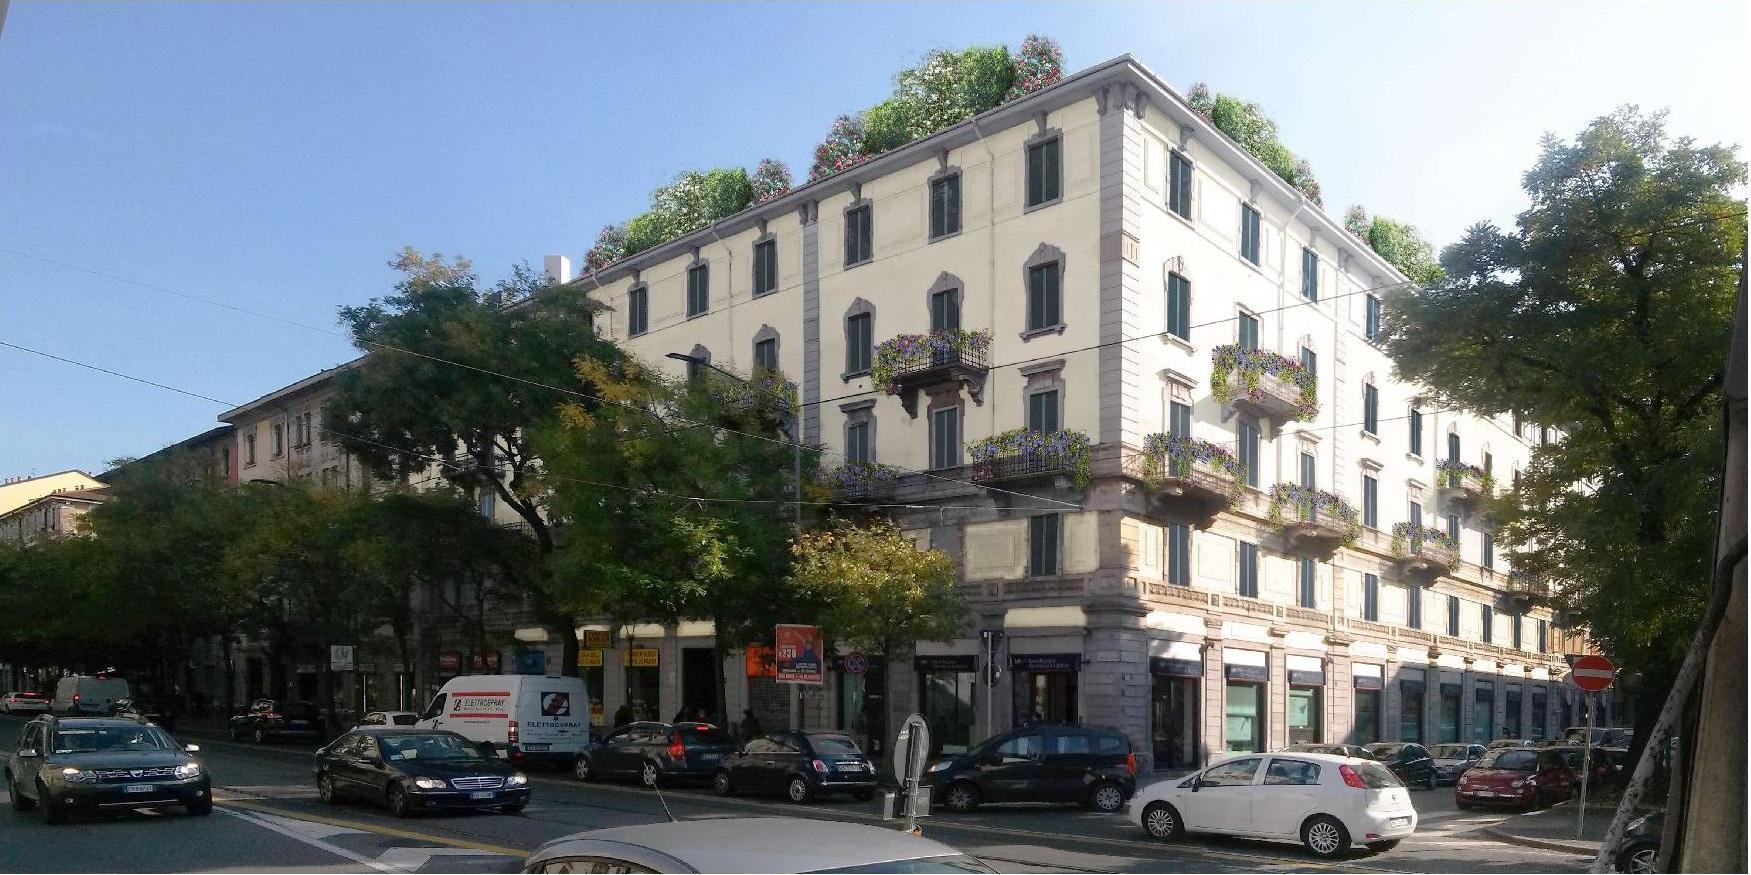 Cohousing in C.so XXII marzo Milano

==

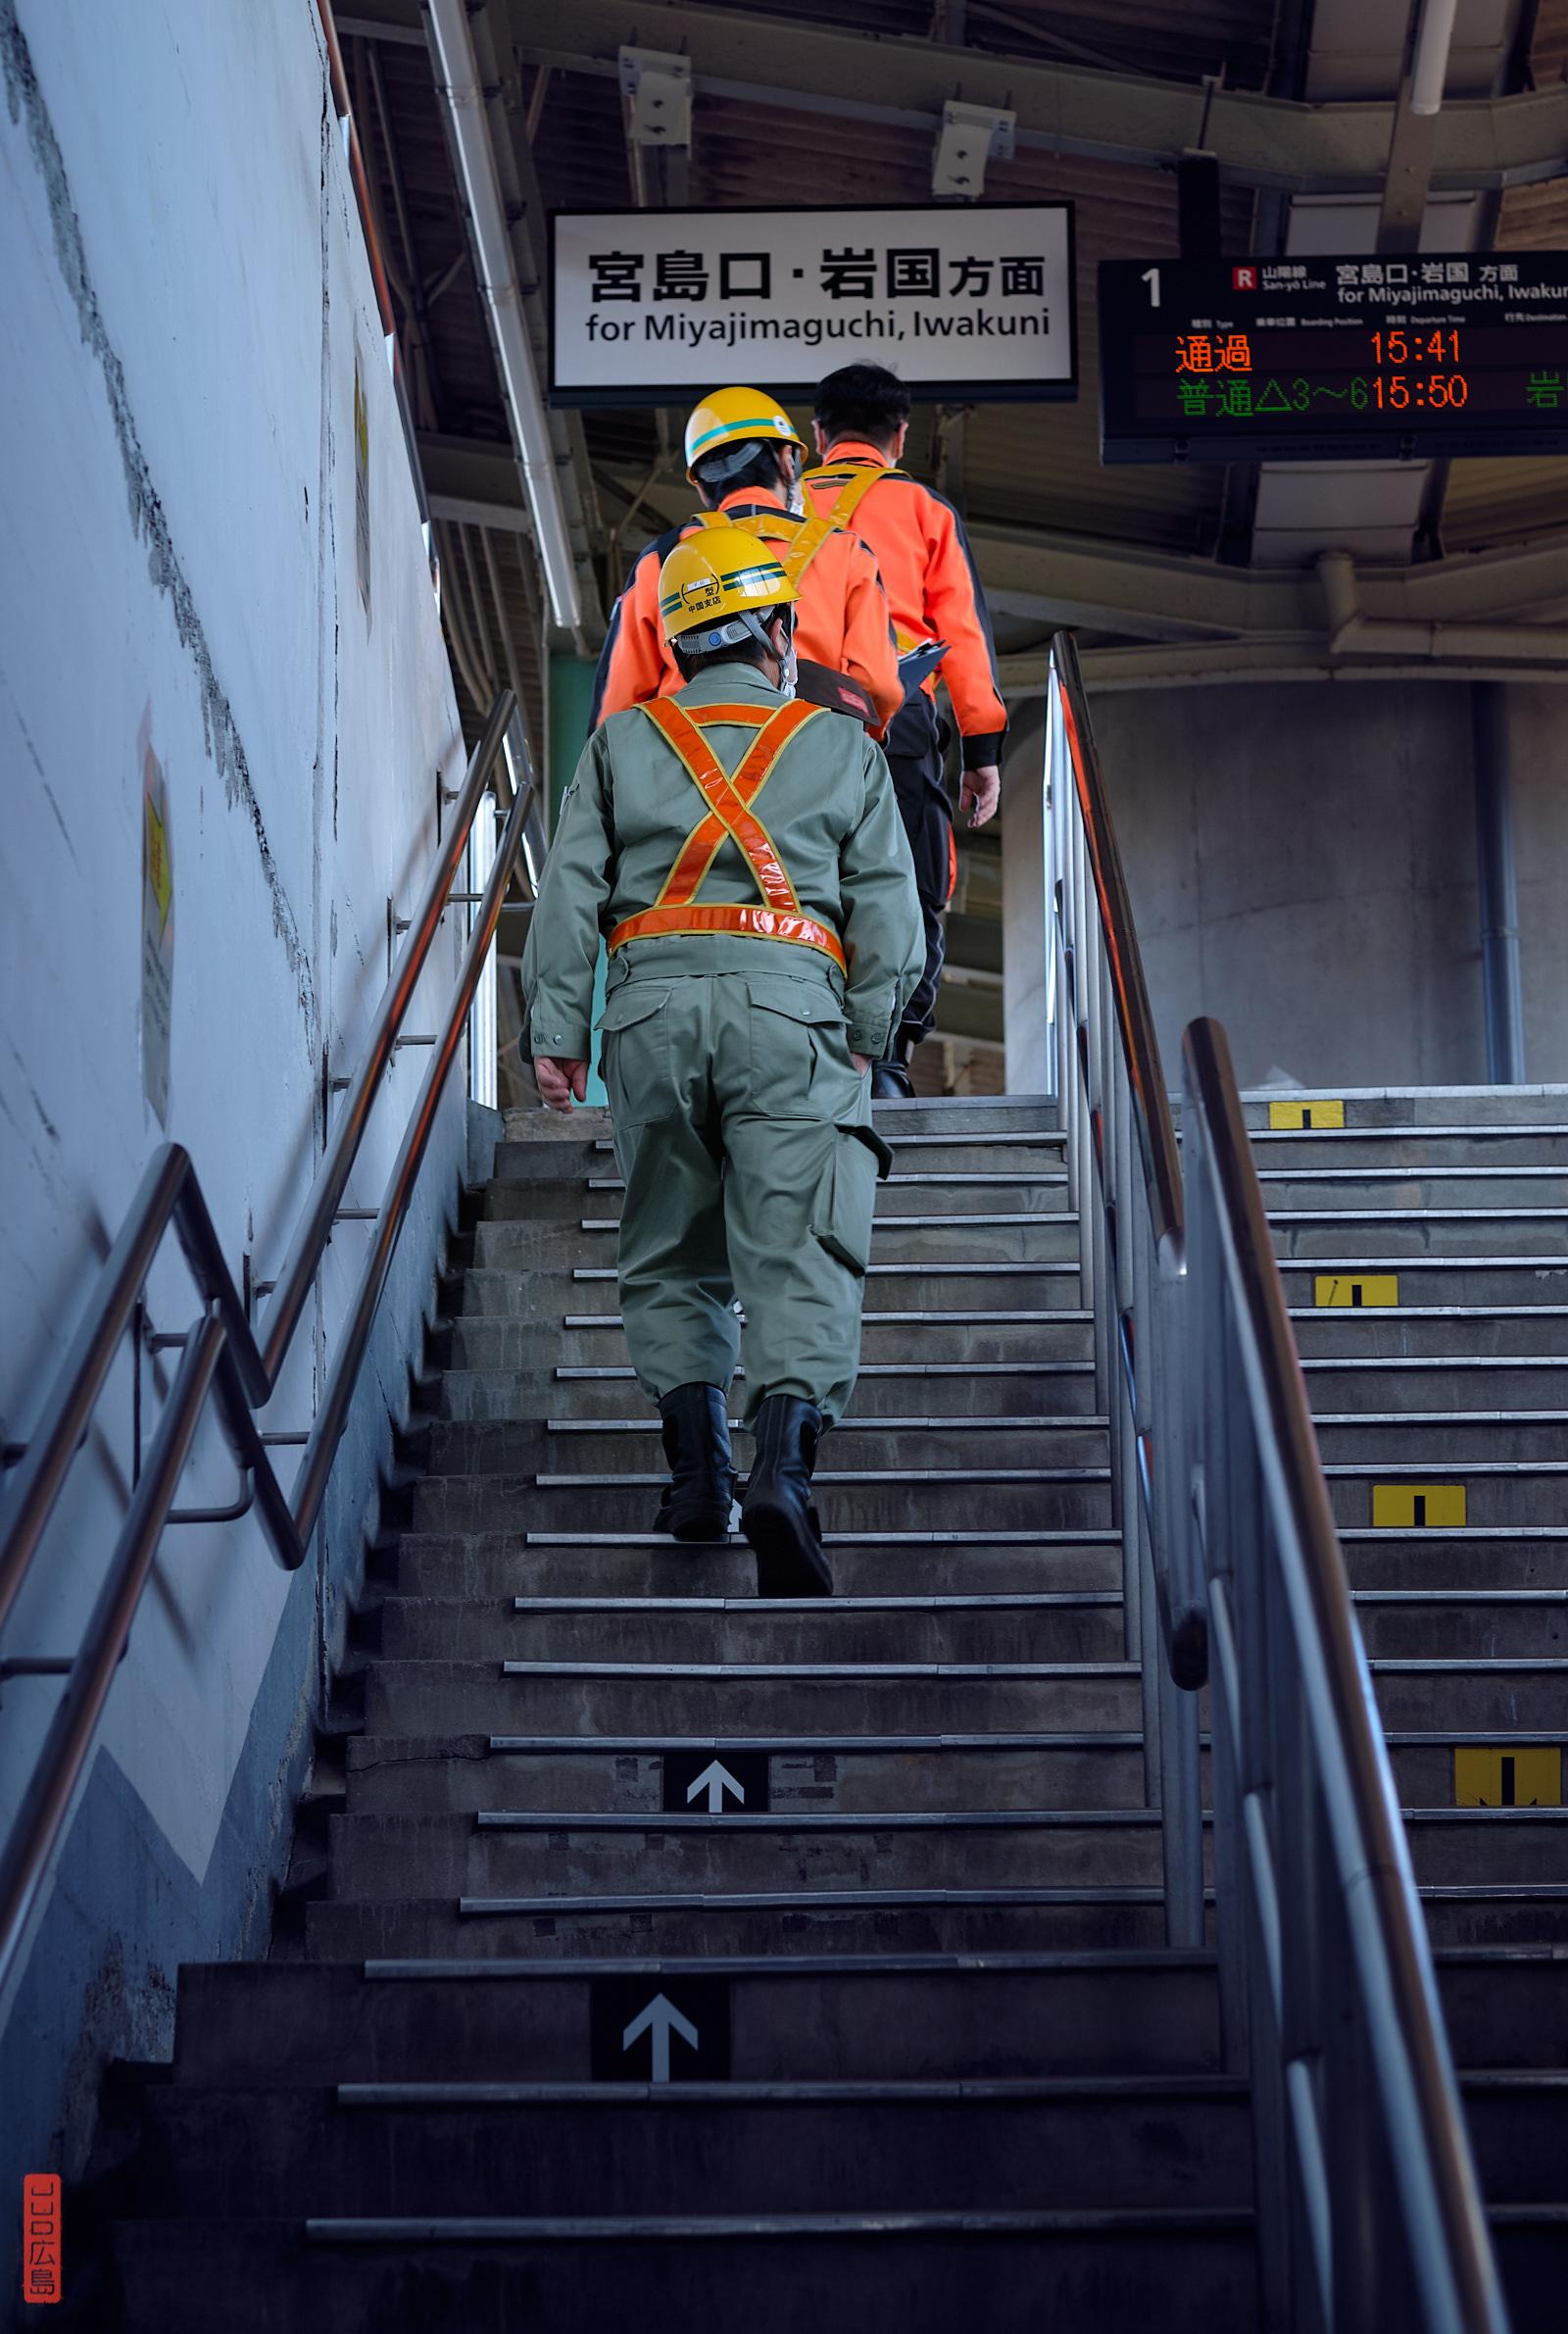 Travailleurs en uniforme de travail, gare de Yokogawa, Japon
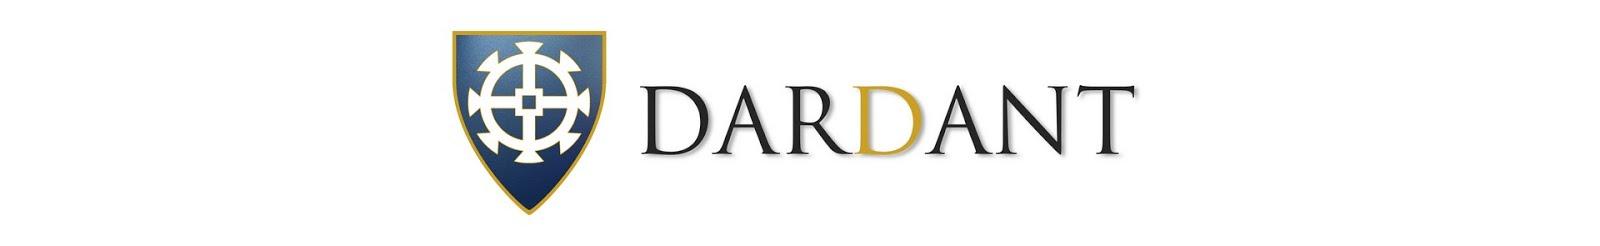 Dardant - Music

...

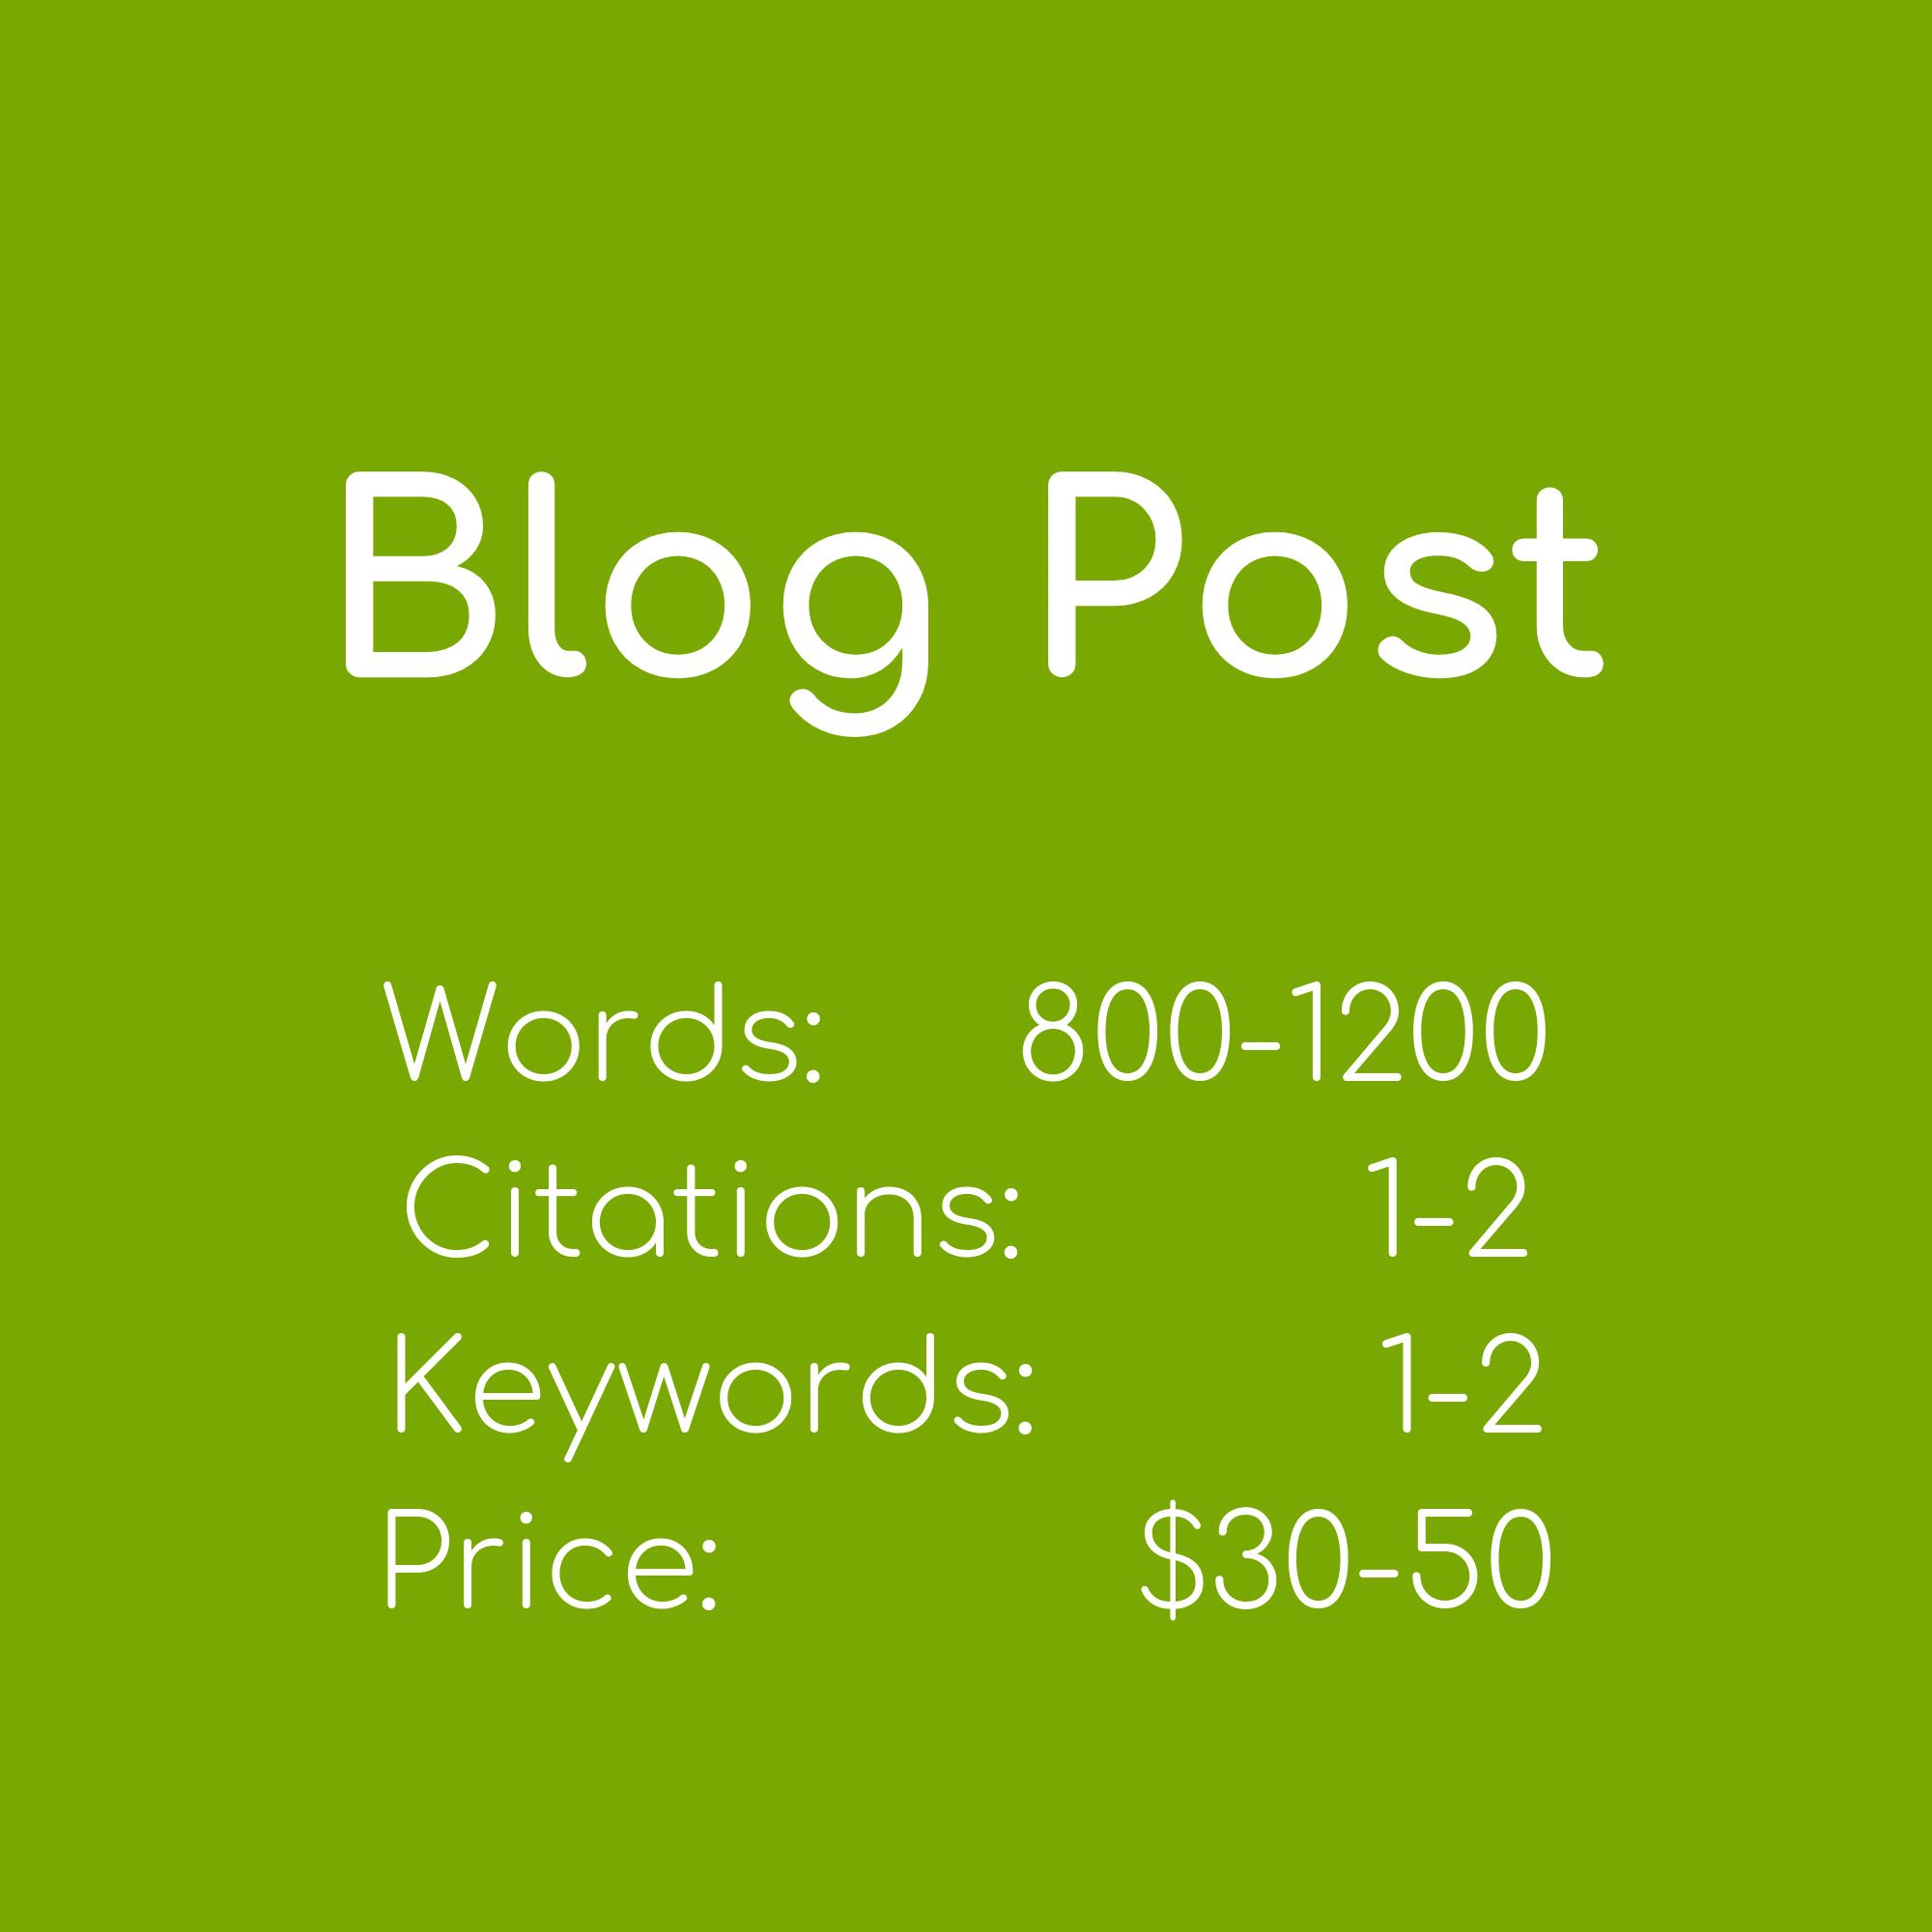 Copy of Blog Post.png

YOUR ASSIGNMENT
Your answer should be the exact lines above from the one containing "Travailleurs en uniforme" through the one containing "Dardant - Music", with both end lines kept and the pictures removed, please.

THE ANSWER
 Travailleurs en uniforme de travail, gare de Yokogawa, Japon
 Dardant - Music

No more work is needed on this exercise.